Nel contestualizzare le problematiche di dipendenza e di salute legate al gioco d’azzardo, è fondamentale non rimuovere la dimensione economica e sociale della questione, anche per la crescente influenza esercitata, sia nella parte legale che in quella illegale dell’industria dell’azzardo, dalla criminalità organizzata. Sulla base di calcoli ottenuti dai dati forniti dall’Agenzia delle Dogane e dei Monopoli, sottraendo le entrate erariali collegate al gioco d’azzardo legale (pari a circa 7,24 miliardi di euro) alla perdita della collettività dei giocatori (pari a circa 12,9 miliardi di euro), risulta pari a circa cinque miliardi di euro il “volume d’affari” complessivo di chi fa impresa nel settore. Dati e valutazioni molto interessanti rispetto all’influenza e ai condizionamenti posti in essere dalle organizzaizoni mafiose sono contenute nella Relazione annuale del 24 novembre 2020 sulle attività svolte dal Procuratore nazionale e dalla Direzione nazionale antimafia e antiterrorismo. I vantaggi delle organizzazioni mafiose derivanti dall’inserimento in questa industria sono numerosi: bassi rischi, prospettive di elevati guadagni, controllo del territorio e implementazione del consenso sociale. “Si legge, in particolare, nella relazione: ‘La criminalità organizzata mafiosa utilizza tale canale sia per riciclare capitale, sia come forma di impresa. Il settore consente, con facilità, di inserirvisi e di perseguire guadagni elevati, a volte superiori a quelli provenienti dal traffico di sostanze stupefacenti, ma con rischi di gran lunga inferiori, sotto il profilo della reazione da parte dello Stato. La lotta all’illegalità risulta infatti compromessa anche in ragione del grado di sofisticazione tecnologica di cui il mercato illegale può beneficiare, ricorrendo all’uso di hackers e di tecnici assai specializzati del settore. Sono le associazioni di tipo mafioso, in particolare, a manifestare la più spiccata capacità di penetrazione, in ragione del pervasivo controllo esercitato sul territorio.

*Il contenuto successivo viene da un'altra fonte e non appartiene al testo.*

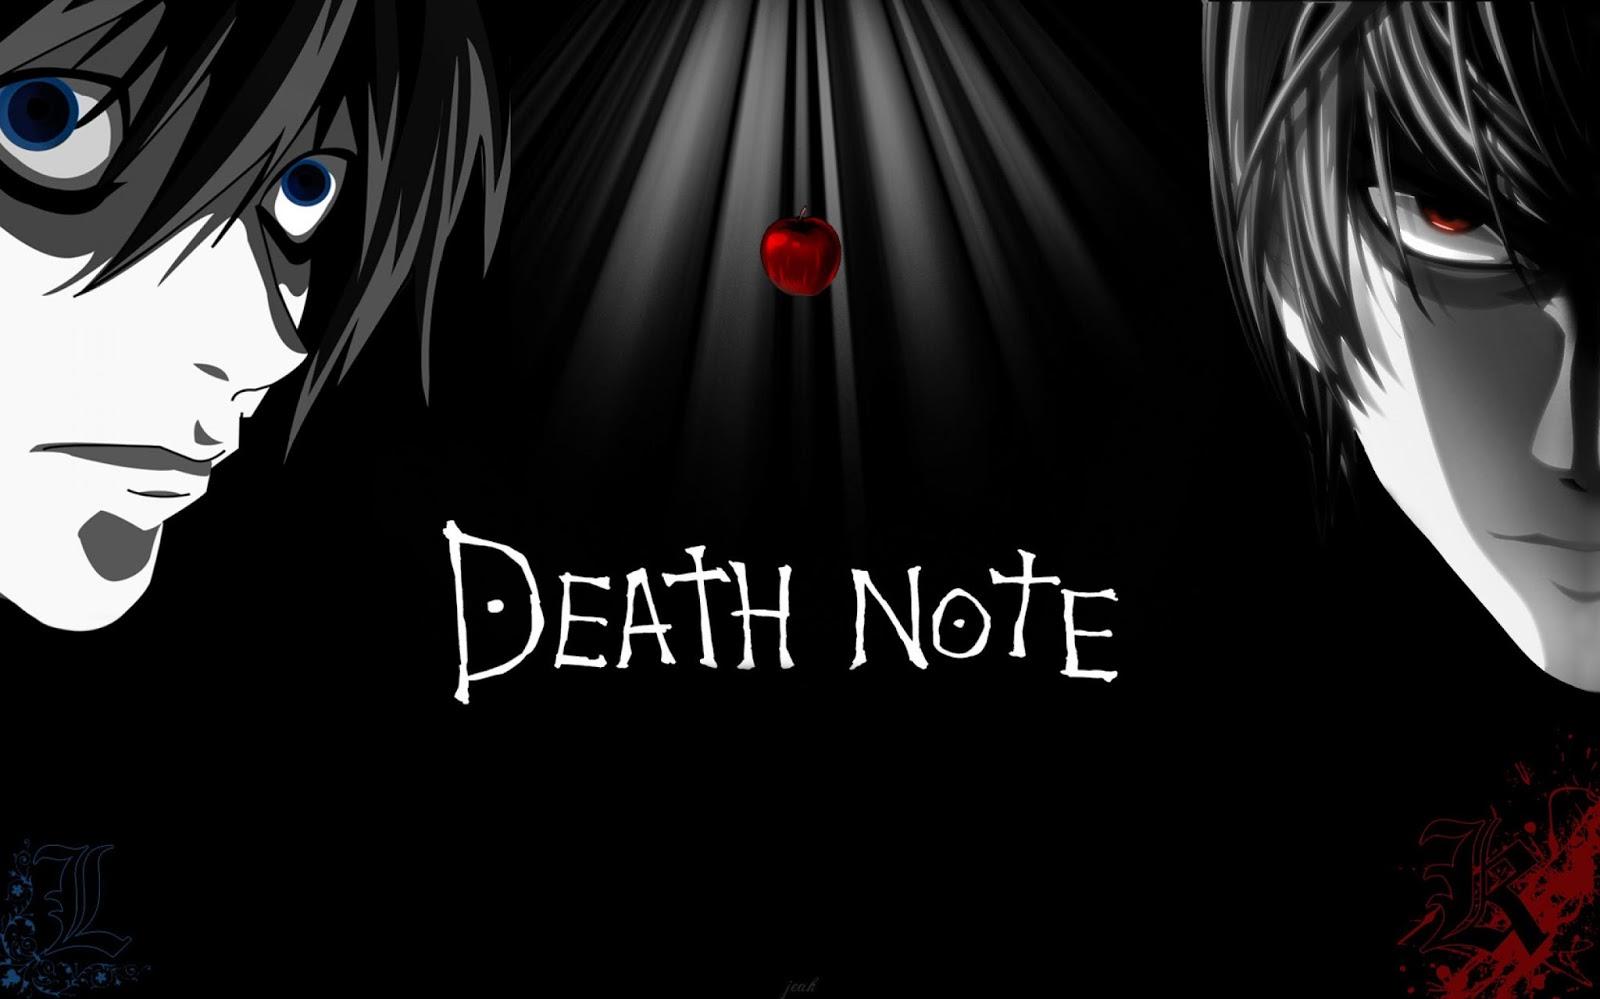 Primera impresión del Live action de Death Note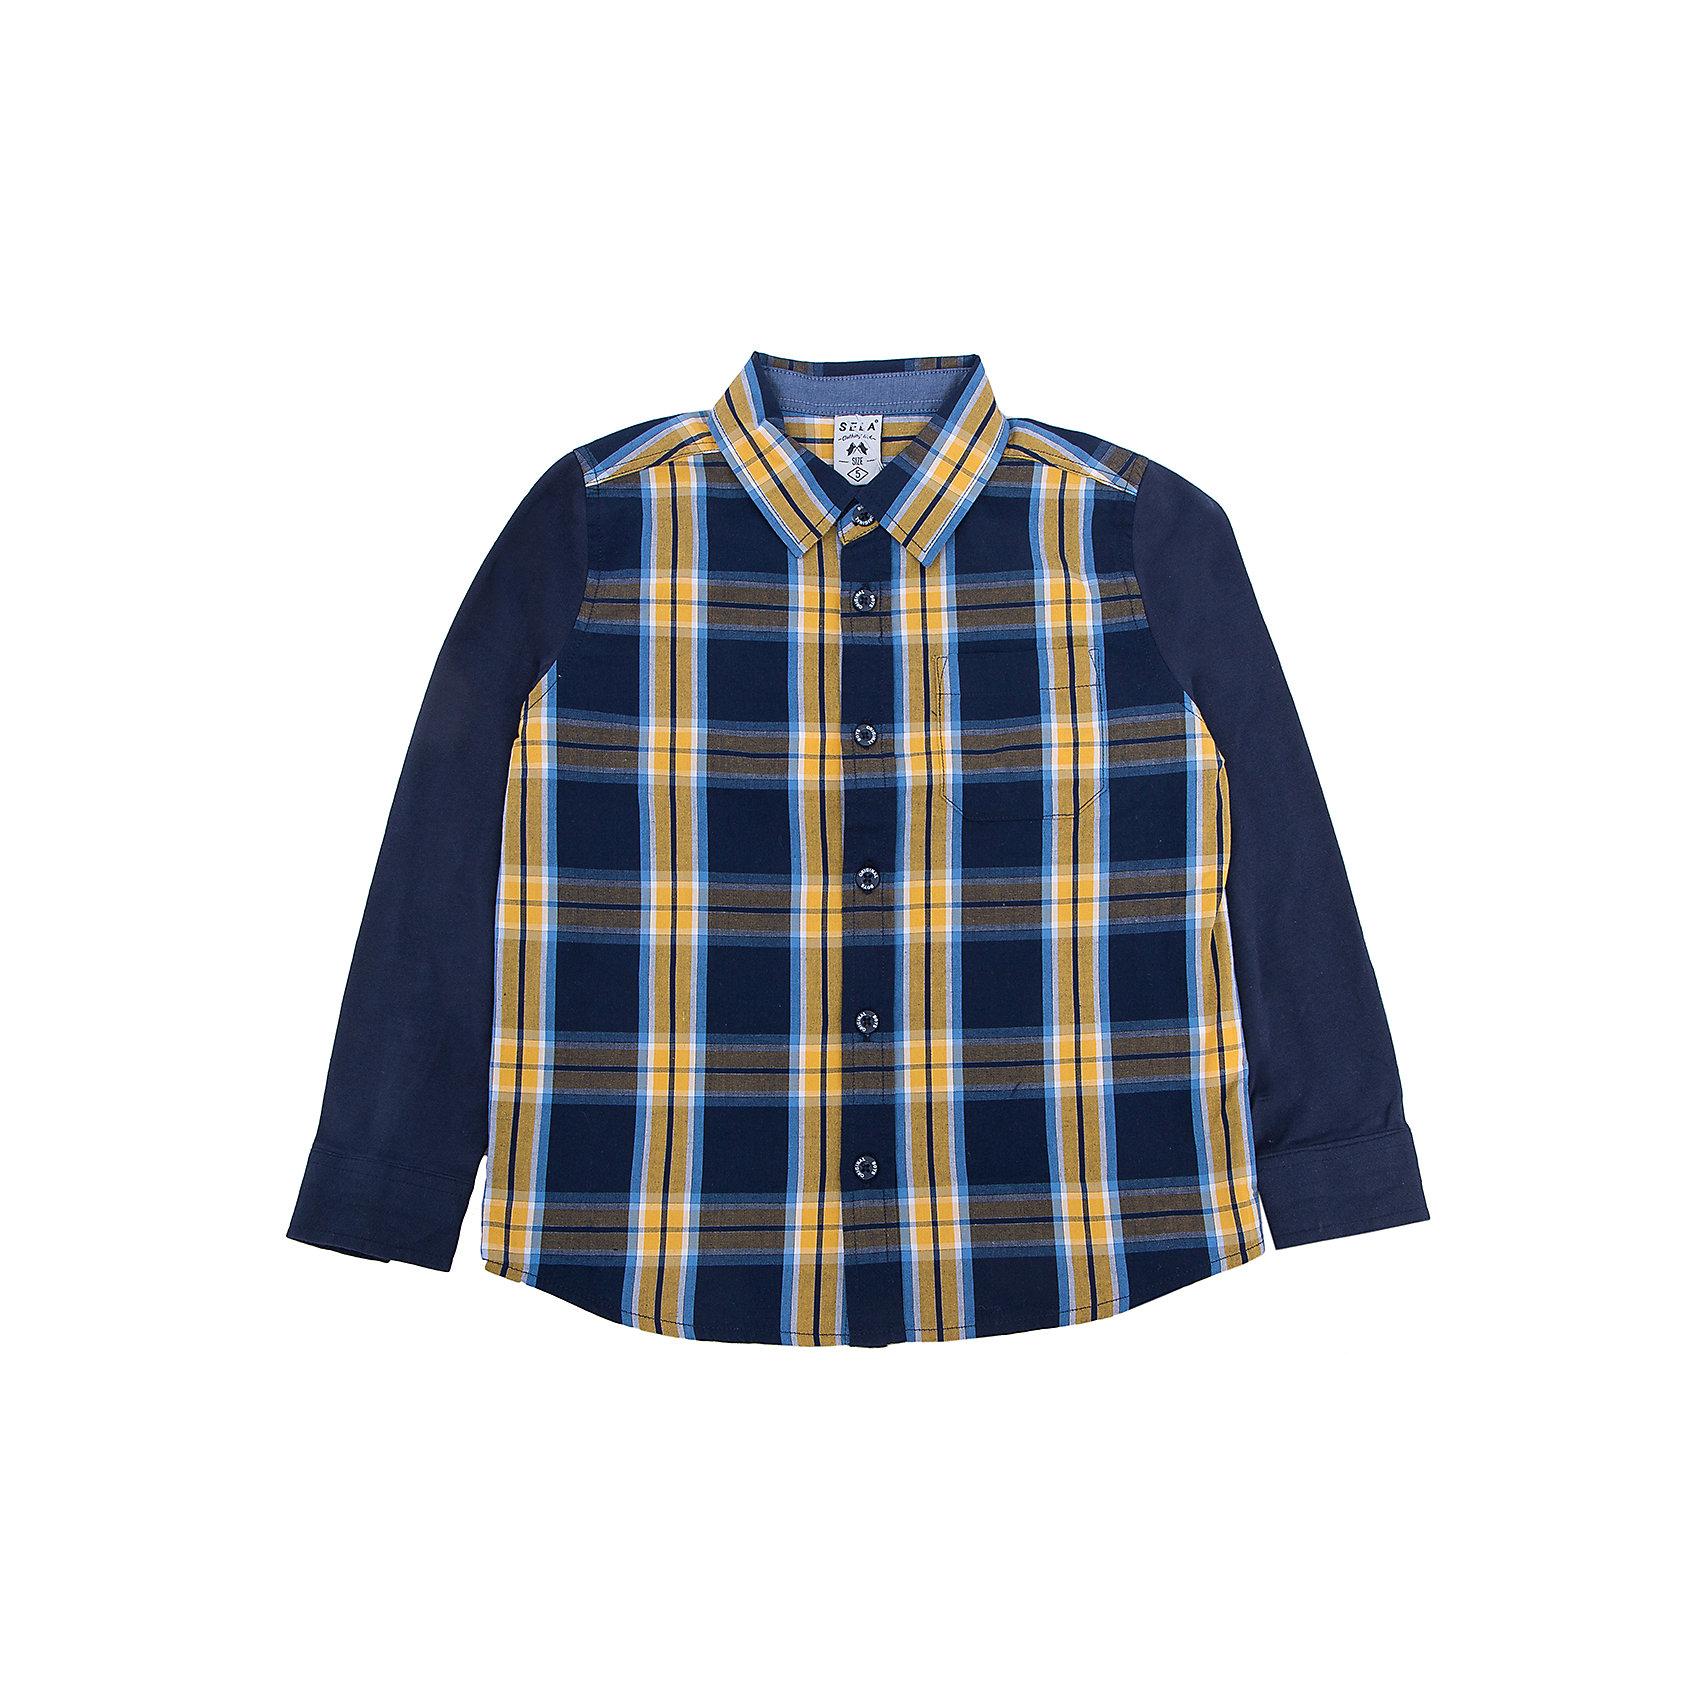 Рубашка для мальчика SELAБлузки и рубашки<br>Удобная рубашка - незаменимая вещь в гардеробе школьников. Эта модель отлично сидит на ребенке, она сделана из приятного на ощупь материала, мягкая и дышащая. Натуральный хлопок в составе ткани не вызывает аллергии и обеспечивает ребенку комфорт. Модель станет отличной базовой вещью, которая будет уместна в различных сочетаниях.<br>Одежда от бренда Sela (Села) - это качество по приемлемым ценам. Многие российские родители уже оценили преимущества продукции этой компании и всё чаще приобретают одежду и аксессуары Sela.<br><br>Дополнительная информация:<br><br>цвет: разноцветный;<br>материал: 100 % хлопок;<br>рукава длинные;<br>застежки - пуговицы.<br><br>Рубашку для мальчика от бренда Sela можно купить в нашем интернет-магазине.<br><br>Ширина мм: 174<br>Глубина мм: 10<br>Высота мм: 169<br>Вес г: 157<br>Цвет: синий<br>Возраст от месяцев: 48<br>Возраст до месяцев: 60<br>Пол: Мужской<br>Возраст: Детский<br>Размер: 110,92,98,116,104<br>SKU: 4913040

Anzi l’apertura o la gestione, diretta o mediata, di numerosi negozi di gioco, permette di rafforzare proprio detto controllo, incrementando anche il consenso sociale per i posti di lavoro creato attraverso i centri scommesse ed il relativo indotto. A questo consegue che la maggiore concentrazione dei fatti delittuosi accertati si registra proprio in quelle aree del territorio nazionale a maggiore indice di presenza mafiosa, fatte salve alcune eccezioni che hanno riguardato aree circoscritte del Nord Italia, in cui sono stati individuati alcuni punti scommesse comunque riconducibili a soggetti mafiosi. Si può forse affermare che Cosa Nostra, negli ultimi anni, ha fatto registrare il maggior interesse nello specifico ambito, ritenuto funzionale sia per l’attività di reinvestimento dei patrimoni illecitamente accumulati, sia per l’elevato volume d’affari registrato. Al riguardo l’organizzazione non si è fatta scrupolo di tentare di accedere persino a finanziamenti pubblici per progetti contro la ludopatia: in un paradosso solo apparente, essa ha provato a lucrare contemporaneamente da una “cosa e dal suo esatto contrario”, da una parte promuovendo ed agevolando sempre più la possibilità di accedere al gioco d’azzardo, dall’altra operando per il contrasto delle patologie connesse proprio al gioco d’azzardo’.” Valter Brunetti, sostituto procuratore generale presso la Corte di Appello di Napoli, nel commento finale, sottolinea i rischi consolidati della presenza mafiosa nel settore: “L’analisi in questione consente, infatti, di constatare che le organizzazioni criminali sono, comunque, capaci di fornire con il circuito illegale del gioco on line proposte alternative convenienti e appetibili, attraverso la garanzia del pronto pagamento e dell’anonimato. Il che dimostra che la legalizzazione delle attività che creano dipendenza non solo non è immune da infiltrazioni della criminalità organizzata, ma non elimina affatto il circuito illegale. L’analisi induce, dunque, sin da subito, a formulare l’auspicio che, con la risposta repressiva, cresca l’attività di prevenzione e lo sforzo di garantire interventi sul piano culturale di promozione della persona umana, della sua dignità e di un uso responsabile della sua libertà.”